Я.С. Лурье отождествляет притчу о двух монахах с эпизодом испытания двух монахов в немецких брошюрах о Дракуле[40] с такой оговоркой: «однако если в русской повести казненным оказывался дерзкий обличитель, то в немецкой брошюре Дракула казнит льстивого лжеца». Но сравнивая немецкий текст с русским мы обнаруживаем, что это совсем другая притча, смысл которой – наказание льстеца: «Пришли два монаха в его страну по его приглашению. Тогда он спросил одного из них, что хорошего о нем говорят. Этот монах очень испугался и сказал: «О вас говорят все хорошее, и вы действительно очень набожный человек, я говорю вам это». Он велел этого монаха задержать.
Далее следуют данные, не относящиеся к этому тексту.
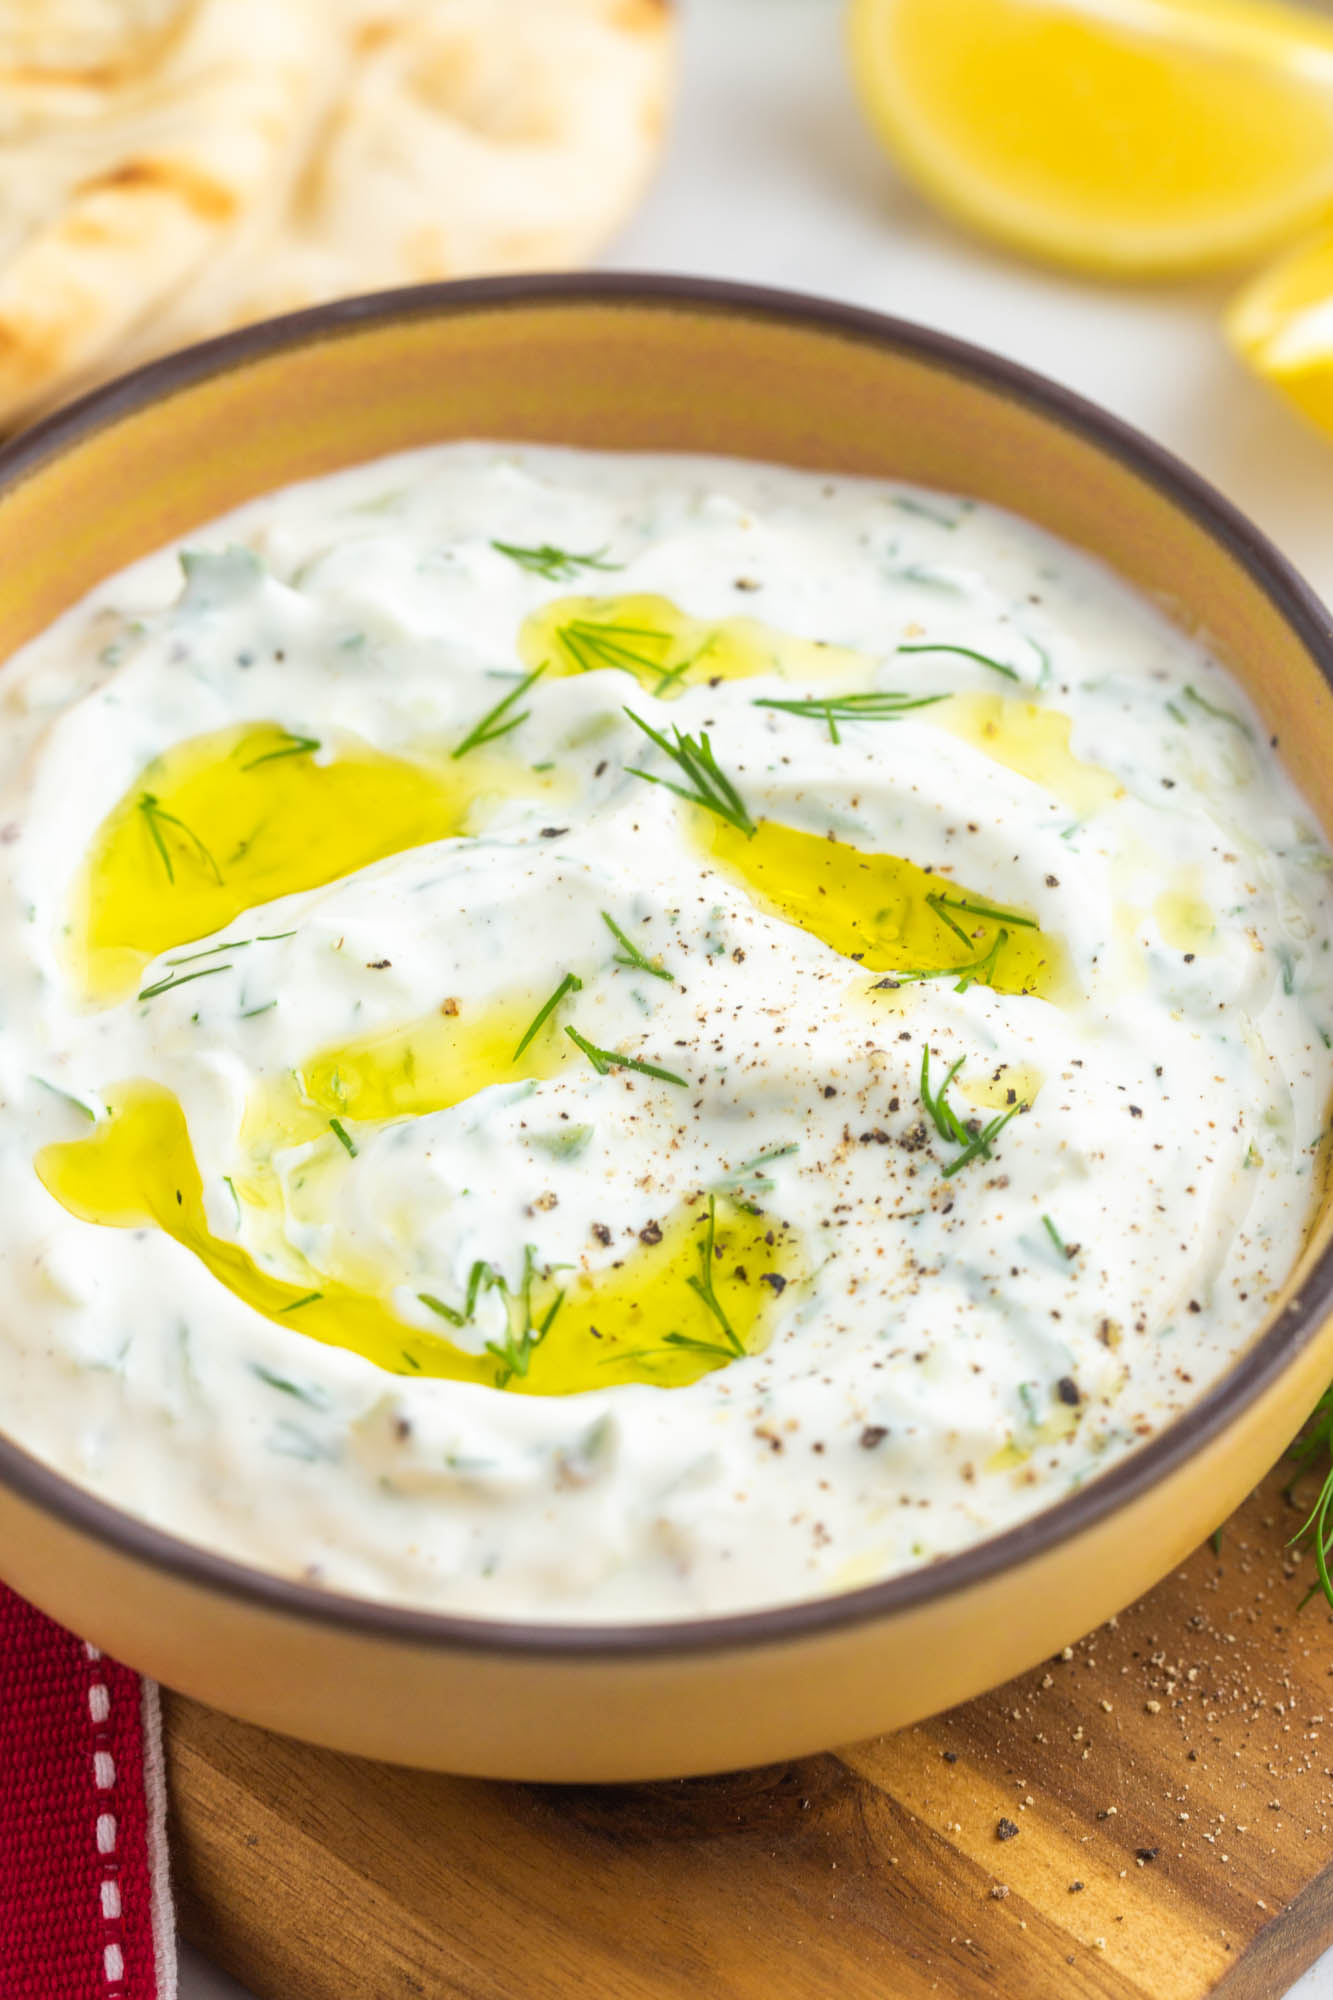 A bowl of creamy tzatziki dip, drizzled with olive oil and garnished with fresh dill.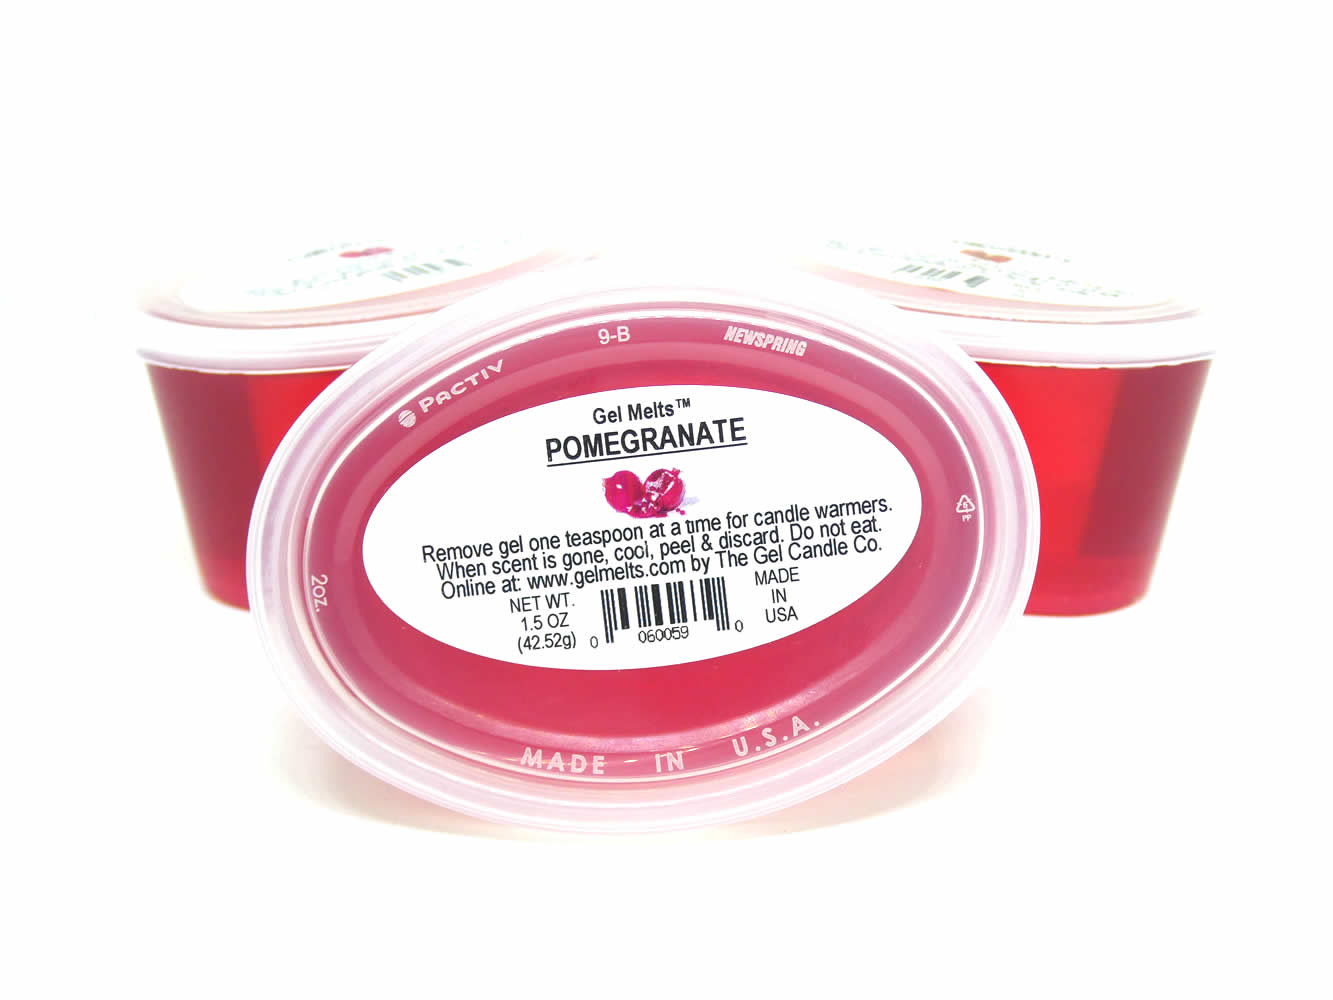 Pomegranate scented Gel Melts™ Gel Wax for warmers - 3 pack

К нему привели другого монаха, которого он спросил так же, как и первого. Тот монах подумал: «Пусть я умру, но я должен сказать правду». И он сказал: «Вы величайший изверг, которого можно найти на свете; ни один человек не говорит о вас ничего хорошего. Это вы доказали». Дракула сказал: «Ты мне сказал правду, и поэтому я хочу тебя оставить в живых». И отпустил его невредимым; и посылает снова за первым. И говорит, чтобы тот ему сказал правду. Но тот сказал, как прежде. Дракула велел его посадить на кол за то, что он говорил неправду».[41]

Даже если допустить, что немецкий текст подтолкнул автора «Сказания» к созданию притчи, текст Курицына нельзя считать расширением этого эпизода - и содержание, и идейное осмысление притчи Курицына очевидно русское, не имеющее ничего общего с венгерским или немецким культурным контекстом. Тем не менее, Я.С.Лурье не видит различий между русским и немецким текстом и не упоминает притчу о двух монахах среди оригинальных эпизодов, принадлежащих русскому автору. Больше того, Я.С.Лурье не сомневается, что восприятие средневекового автора совпадает с восприятием современного исследователя: «История Дракулы, как ее понимал древнерусский автор XV в. (и другие авторы той же эпохи), - это история жестокого тирана, безжалостно расправляющегося со своими подданными; центральная проблема повести - проблема власти, опирающейся на террор»[42].

Исследователи средневековых текстов иногда не учитывают особенности сознания человека прошлого - напряжённость эсхатологических переживаний, более спокойное отношение к жестокости и насилию, веру в магические ритуалы, склонность к мистике и суевериям, внимание к знамениям и предвестиям, повышенную эмоциональность, грубость нравов и прочее.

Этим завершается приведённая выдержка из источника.